Description medications: Acyclovir (Aciclovir)
ACYCLOVIR (Aciclovir). 9- (2-Hydroxy) etoksimetilguanin, or 2-amino-1, 9-dihydro-9- (2-hydroxy) ethoxymethyl-6H-purin-6-one.
Synonyms: Viroleks, Zovirax, Asusloguanosine, Acyclovir, Cycloviran, Milavir, Virolex .
Protivovirucny drug, especially effective against viruses of herpes simplex and herpes zoster (zoster).
Acyclovir is an analogue of purine nucleoside dezoksiguanidina, normal DNA component.
The similarity of structures and acyclovir acyclovir dezoksiguanidina allows to interact with the viral enzymes, which leads to an interruption of viral replication. After introduction of acyclovir into an affected cell herpes thymidine kinase under the influence of released virus, acyclovir is converted into acyclovir monophosphate which enzymes of the host cell transformed in acyclovir diphosphate and then to the active acyclovir triphosphate form, which blocks the implementation of the viral DNA. The drug acts selectively on viral DNA synthesis. DNA replication hoeyaina cells (human cells) acyclovir triphosphate almost no effect.
Acyclovir herpes prevents new elements disease, reduces the likelihood of cutaneous dissemination and visceral complications accelerates education crusts, reduces pain in the acute phase of herpes zoster.
The drug also has immunostimulatory effects.
Acyclovir used intravenously, orally and topically (as a cream or ointment).
When administered acyclovir absorbed only partially (about 20%). The half-life when administered intravenously and administered about 3 hours. Provided mainly kidneys unchanged, partly in the form of a metabolite (9-karboksimetoksimetilguanin). In renal insufficiency significantly increase the half-life (up to 19, 5 hours).
Intravenous acyclovir in infections caused by the herpes simplex virus in patients with compromised immune systems; in severe forms of primary infections of the genital organs in case of infection caused by the herpes simplex virus; infections caused by the herpes zoster virus; for the prevention of infections caused by the herpes simplex virus in patients with severely impaired immune system (with organ transplants, cancer chemotherapy).

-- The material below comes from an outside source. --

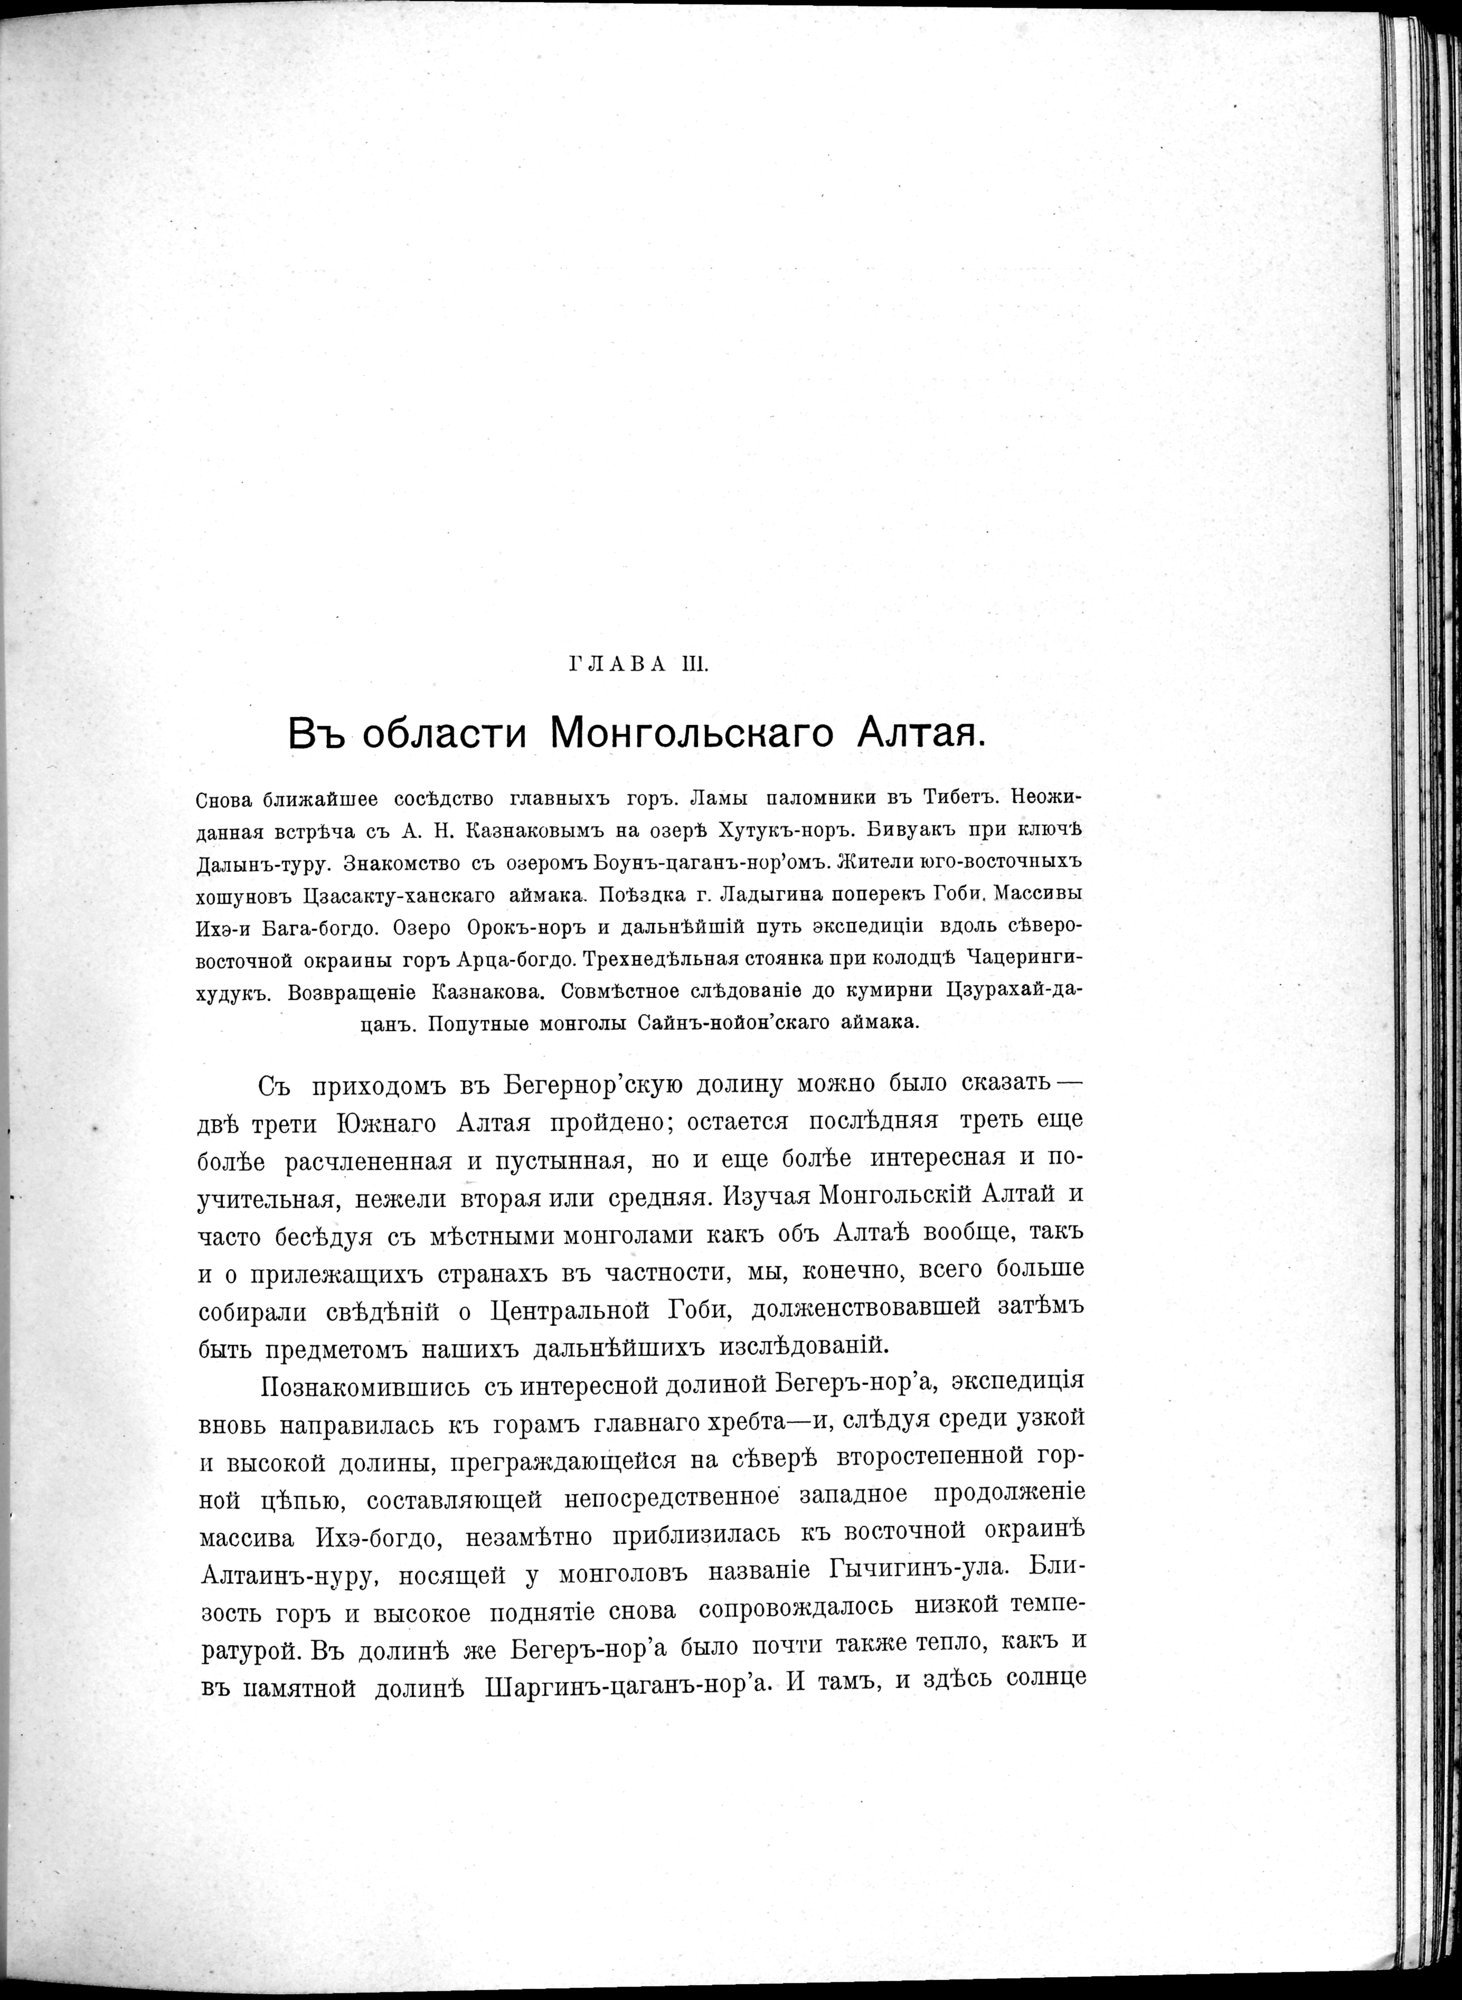 Mongoliia i Kam : vol.1 / Page 107 (Grayscale High Resolution Image)

Intravenously administered to adults and children over 12 years: 5 mg / kg 3 times a day (every 8 hours); in patients with herpes zoster immune system disorders - 10 mg / kg every 8 hours; Children from 3 months to 12 years - 5 mg / kg (250 mg / m 2 body surface area).
In violation of renal excretory function and elderly persons, reduce the dose (based on creatinine clearance).
For intravenous administration, the contents of 1 vial with acyclovir (250 mg) is diluted in 10 ml of isotonic sodium chloride solution or a special solvent. The solution can be administered by injection slowly (within an hour) or applied dropwise to the resulting solution (25 mg in 1 ml) was diluted further in 50 ml of a solvent [or the contents of two vials (500 mg) of acyclovir is diluted in 100 ml of solvent].